Much like with the druid, a higher level paladin can use a better mount by taking a slight penalty to the paladin's effective level when determining the mount's bonus abilities. This is usually a spectacularly good deal.

A level 6 paladin can ride around on a unicorn, which is a horse except stronger, tougher, faster, more nimble, possessing an enchanted weapon, thicker hide, the ability to heal wounds and poisons, the ability to also detect evil faster than a paladin, a bucket of immunities to things like poisons and mind control along with a permanent magic circle against evil effect which means the paladin and everyone within 10 feet has better saves and AC against evil creatures (most of the things a paladin fights are evil) in addition to being immune to mind control.

We are not done here.

The paladin's mount abilities take that unicorn and make it tougher still, giving it a thicker hide, stronger body, the ability to share saves and spells as well as take half damage from area attacks on a failed save, and no damage on a successful one.

We are not done here.

A unicorn can wear barding to further increase its AC from a respectable 22 to something like 26 or more (28 against evil characters thanks to magic circle). If you can't afford barding, mage armor will suffice, as will the paladin's own golden barding spell, which is like mage armor except it's for horses and scales with caster level (eventually matching plate armor). Slather on spells like barkskin or magic vestment and your unicorn's AC climbs into the 30s.

We are not done here.

A 6th level paladin can either spend a feat or take a level in Planar Paladin, sacrificing a use of Remove Disease to change your mount into a celestial version. A 6th level paladins' mount will have DR 5/magic, and there are not a whole lot of monsters a 6th level paladin will face that have access to magic weapons.

We are not done here.

Paladin mounts have a minimum of 6 intelligence, above the 3 necessary to be barely sapient and qualify for normal character options. A unicorn has 10 intelligence, making it as smart as the average human (and perfectly capable of talking). A 6th level paladin's unicorn mount will have three feats thanks to its boosted hit dice, and with rules for retraining you can tag out some of its lousier starting feats like Skill Focus (Survival) in exchange for something more interesting. Like stuff from Tome of Battle: the Book of Nine Swords. Two feats can dip into the Devoted Spirit school of fighting, letting you pick up the Iron Guard's Glare stance. While in this stance, enemies within your unicorn's reach take a -4 penalty to attacks against anything that isn't the unicorn (the stance itself is the predecessor to 4e's marking system). So your enemy can either attack you or your allies (and likely miss) or go for your mighty steed. At this point, with 30 AC, 60+ HP, healing abilities, and DR 5/magic, it's not so much a mount as it is a sparkling Robocop who eats personal weaponry for breakfast while you sit atop of it and smite evil with your lance.


Pretty much this

If that's a bit too bullshit for your taste, you can always go for something a bit more reasonable. Take a hippogriff, griffon, giant owl, giant eagle, or pegasus as your mount at level 6, 7 or 8 and you will have all-day flight at a time when even the wizard struggles to stay aloft more than half an hour each day. Pegasi in particular are not only flying, but the fastest on land or in the air compared to the other flying mounts (at 120 ft fly speed, 60 foot ground speed, it's 20% faster than its next competitor, the hippogriff), and you can always take improved flight as one of your mount's feats to upgrade from average maneuverability to good maneuverability, granting your mount Vertical Take-Off and Landing capabilities along with the ability to hover. If you share the Fire Emblem fear of archers, the Magic Item Compendium has an armor crystal that can be mounted into a shield to grant an improved AC against ranged attacks and the ability to Deflect Arrows (assuming you don't want to spend money on getting a shield that does it anyways) so your falcoknight dreams can continue unhindered. Your pegasus doesn't even have to be proficient in the shield if you can't afford it, since nonproficiency just gives a penalty to attack rolls, and it's not as though you need your mobility platform to bite someone to death.

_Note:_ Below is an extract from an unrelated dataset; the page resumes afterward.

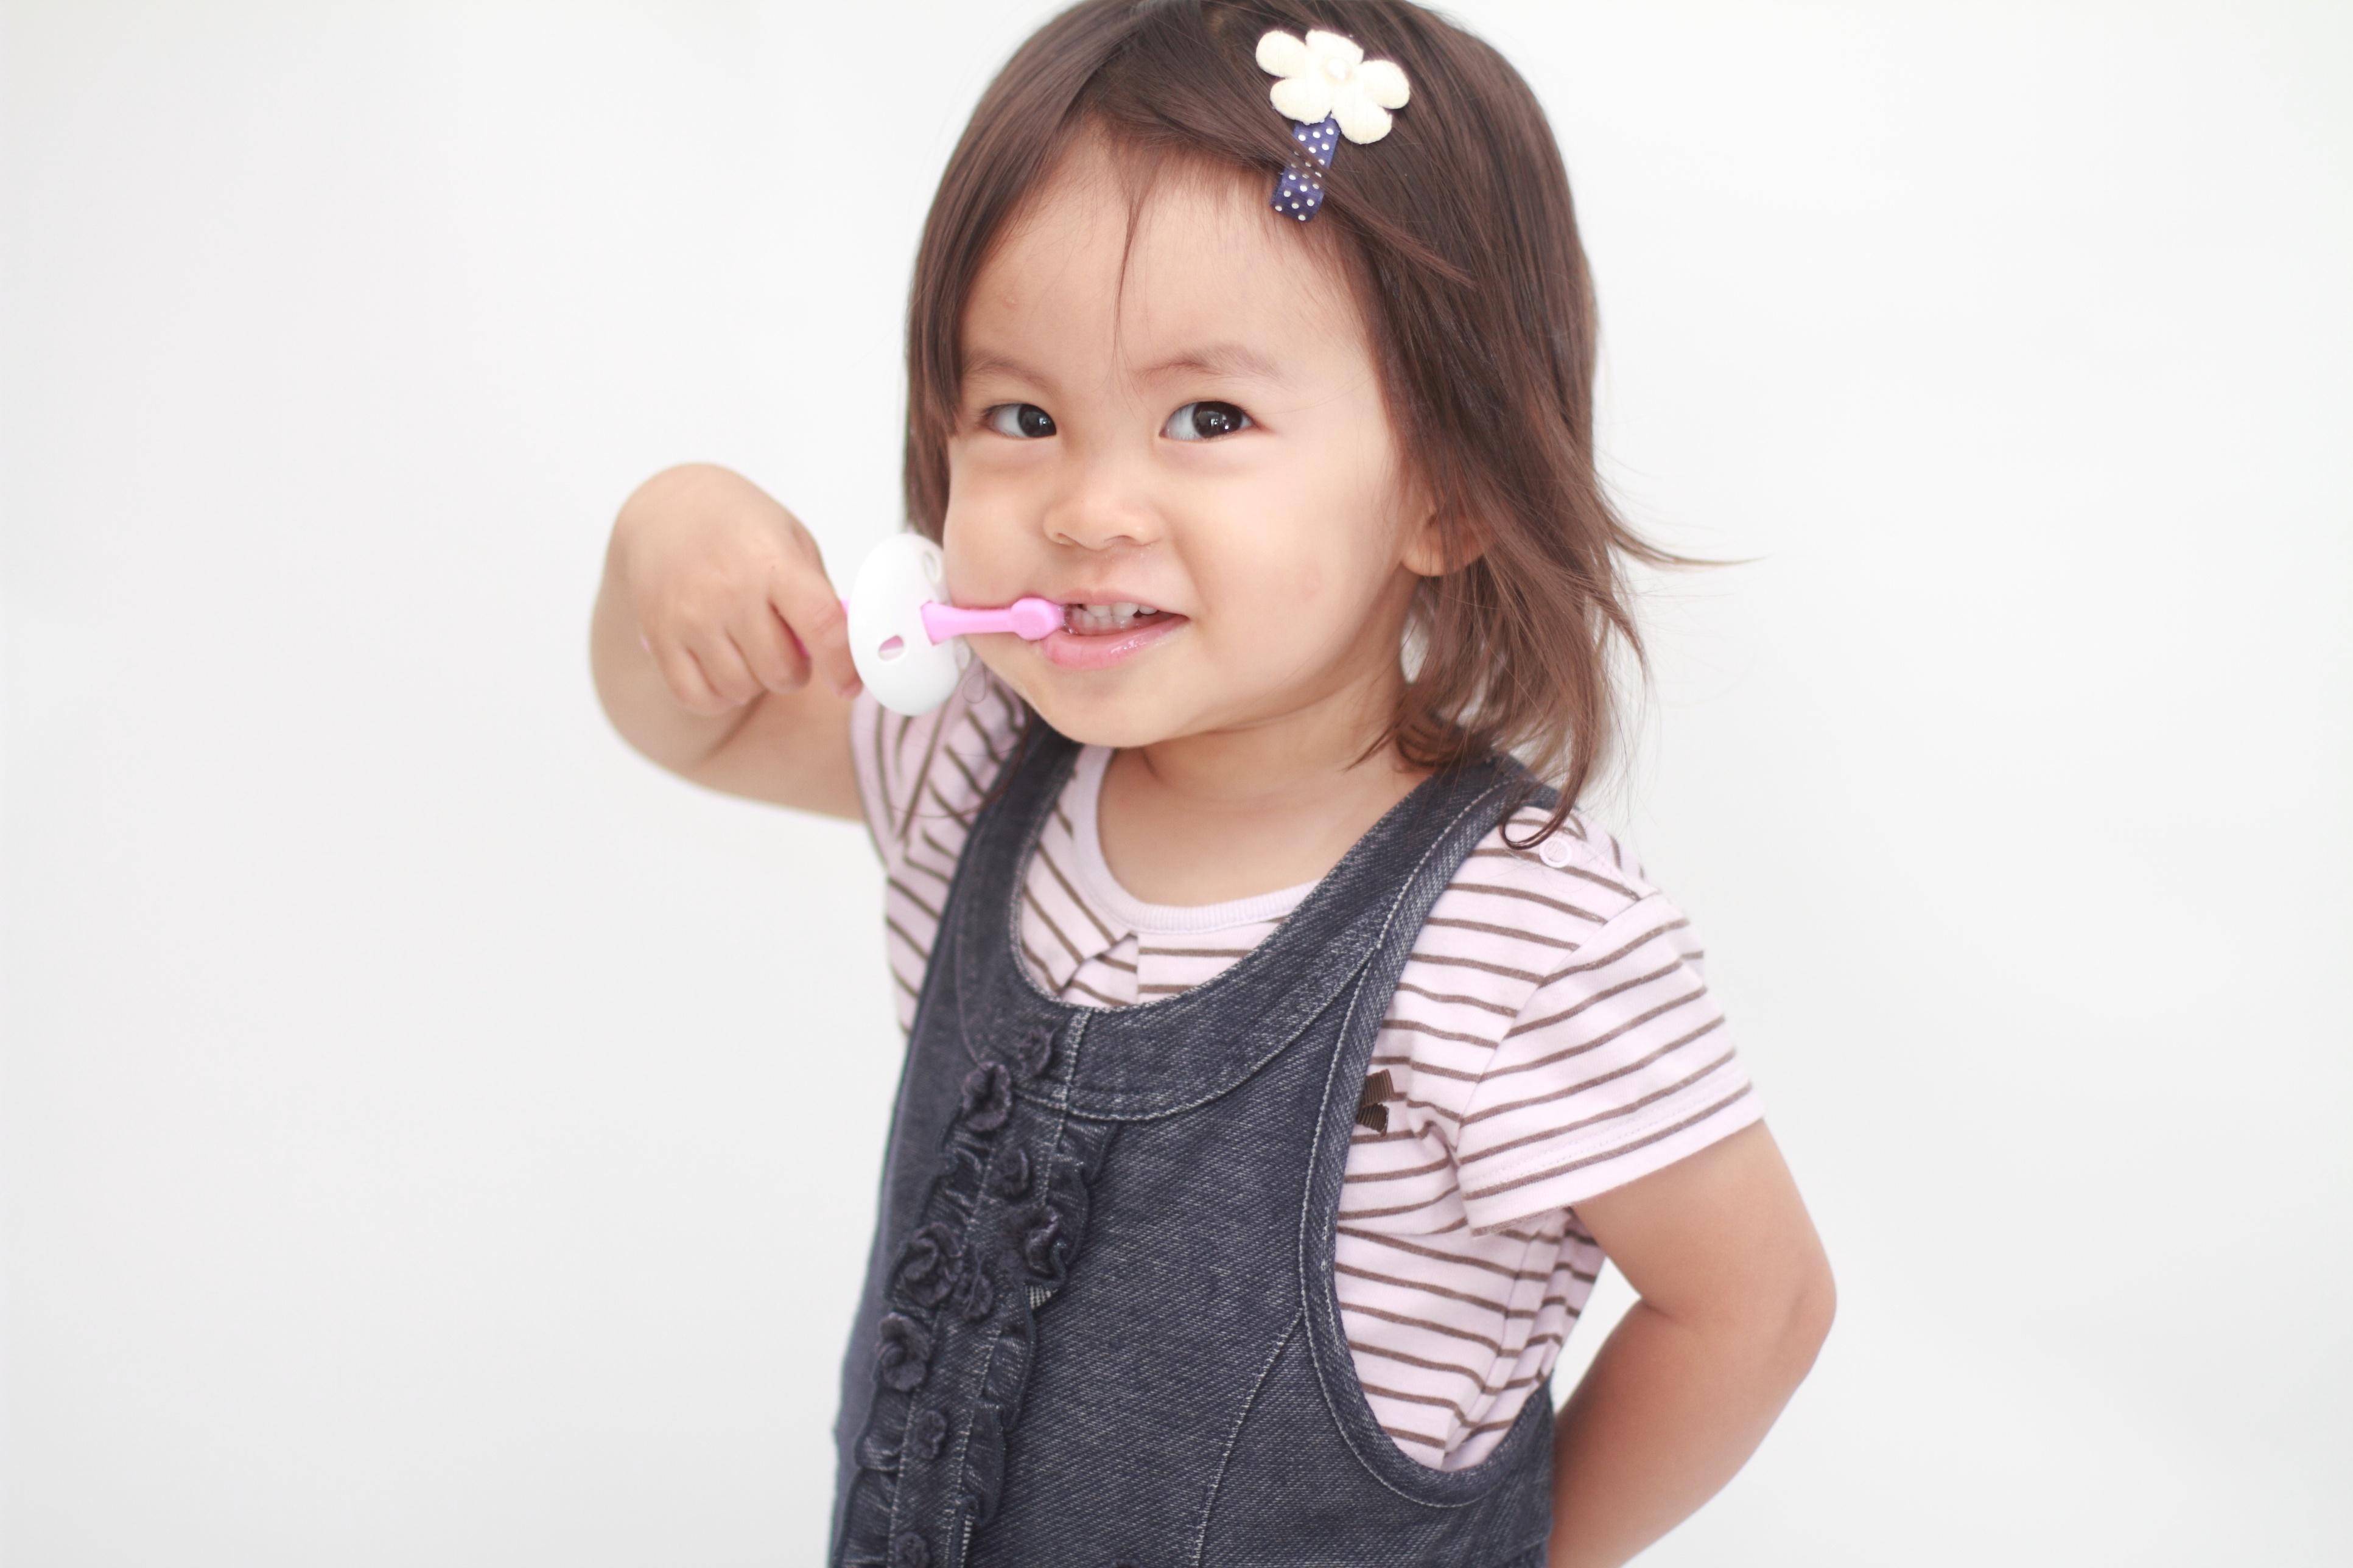 Infant_brushing_teeth.jpg

Now, those who are fond of things such as "reason" may think "well, My Little Murderpony is nice and all, but there's no way you're fitting a horse into a dungeon." Those people forget that D&D is many things, but very few of them ever make sense.

Any creature in the game is capable of squeezing to pass through a space that's at least half its size. A horse, as a creature occupy a 10 foot by 10 foot square (as of 3.5e) can thus squeeze into any 5 foot by 5 foot square, traveling at half speed and taking a -4 penalty to attacks and AC. Even with those penalties, your unicorn terminator is at still as tough and as fast as your average fighter, if not better. They can't fit through small-sized spaces, but then again most player characters are unlikely to chase kobolds into tunnels.

"Well," others may think, "that's corridors covered, but good luck getting your horse across elevation changes."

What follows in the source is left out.